The Underwriting Agreement contains customary representations, warranties and agreements of the Company, and customary conditions to closing, obligations of the parties and termination provisions. The Company has agreed to indemnify the Underwriters against certain liabilities, including liabilities under the Securities Act of 1933, as amended (the “Securities Act”). In addition, pursuant to the Underwriting Agreement, the Company agreed, subject to certain exceptions, not to sell, offer, pledge or otherwise dispose of any shares of the Company’s common stock or securities convertible into shares of the Company’s common stock for a period of 60 days from the closing of the Offering, and to cause its executive officers, directors and certain of its stockholders to agree to lock-up provisions.
The Shares were offered pursuant to the Company’s effective automatic shelf registration statement on Form S-3 (File No. 333-271651) previously filed with the Securities and Exchange Commission (the “SEC”). A final prospectus supplement related to the Offering was filed with the SEC on April 18, 2024.
Certain of the Underwriters or their respective affiliates have, from time to time, performed, and may in the future perform, various commercial banking, investment banking and advisory services for the Company and its affiliates, for which they have received (or may in the future receive) customary fees and expenses. Affiliates of certain of the Underwriters are agents and/or lenders under the Company’s credit agreement dated October 1, 2019, as amended.
The foregoing summary of the Underwriting Agreement does not purport to be complete and is qualified in its entirety by reference to the full text of such agreement. A copy of the Underwriting Agreement is attached as Exhibit 1.1 to this Current Report on Form 8-K and is incorporated herein by reference.
The legal opinion of Greenberg Traurig, P.A. relating to the legality of the issuance and the sale of the Shares is attached as Exhibit 5.1 to this Current Report on Form 8-K.
Item 7.01. | Regulation FD Disclosure. |
On April 16, 2024, the Company issued a press release announcing the Offering, a copy of which is furnished herewith as Exhibit 99.1.
On April 17, 2024, the Company issued a press release announcing the pricing of the Offering, a copy of which is furnished herewith as Exhibit 99.2.
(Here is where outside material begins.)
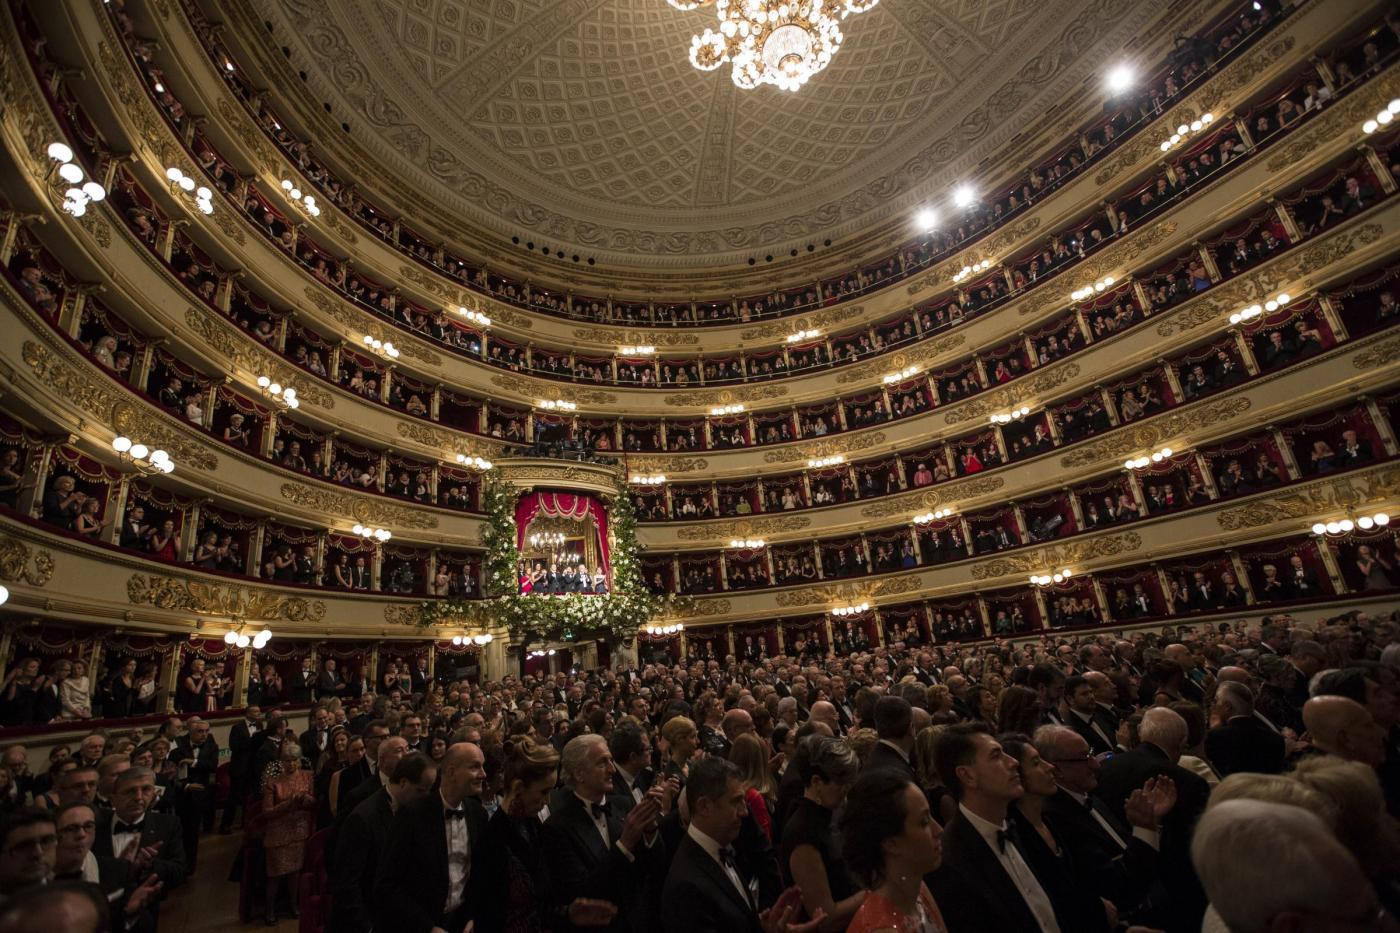 Giornata del Teatro gratis: il 22 ottobre spettacoli aperti a tutti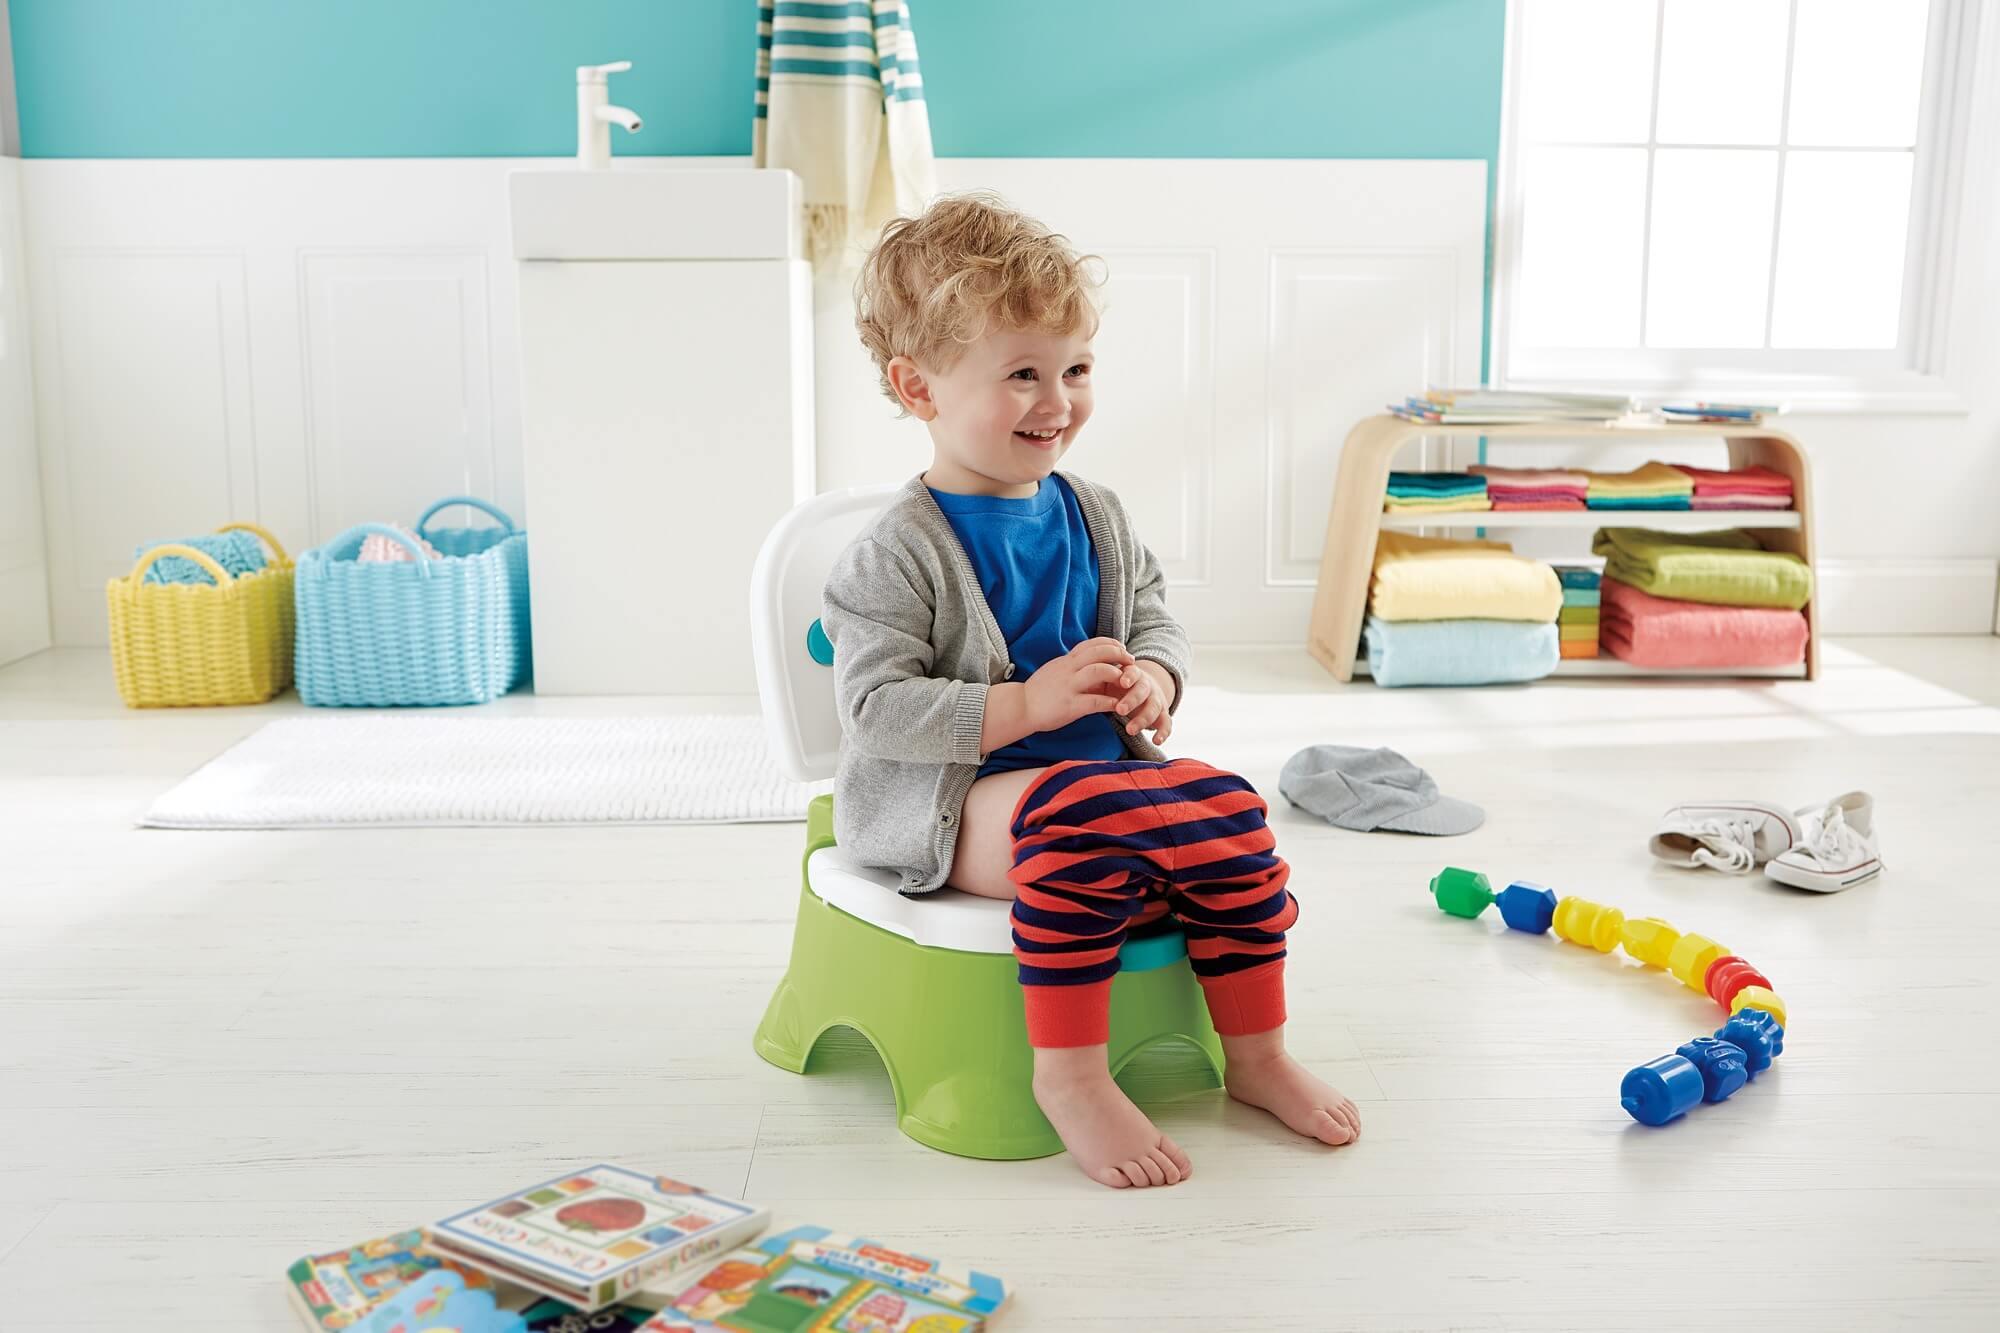 """Pieluchom mówimy """"Pa, pa!""""! Jak ułatwić maluchowi naukę korzystania z nocniczka?"""

The information furnished under this Item 7.01, including Exhibits 99.1 and 99.2, is being furnished and shall not be deemed “filed” for purposes of Section 18 of the Securities Exchange Act of 1934, as amended (the “Exchange Act”), or incorporated by reference in any filing under the Securities Act or the Exchange Act, regardless of any general incorporation language in any such filing, unless the Company expressly sets forth in such filing that such information is to be considered “filed” or incorporated by reference therein.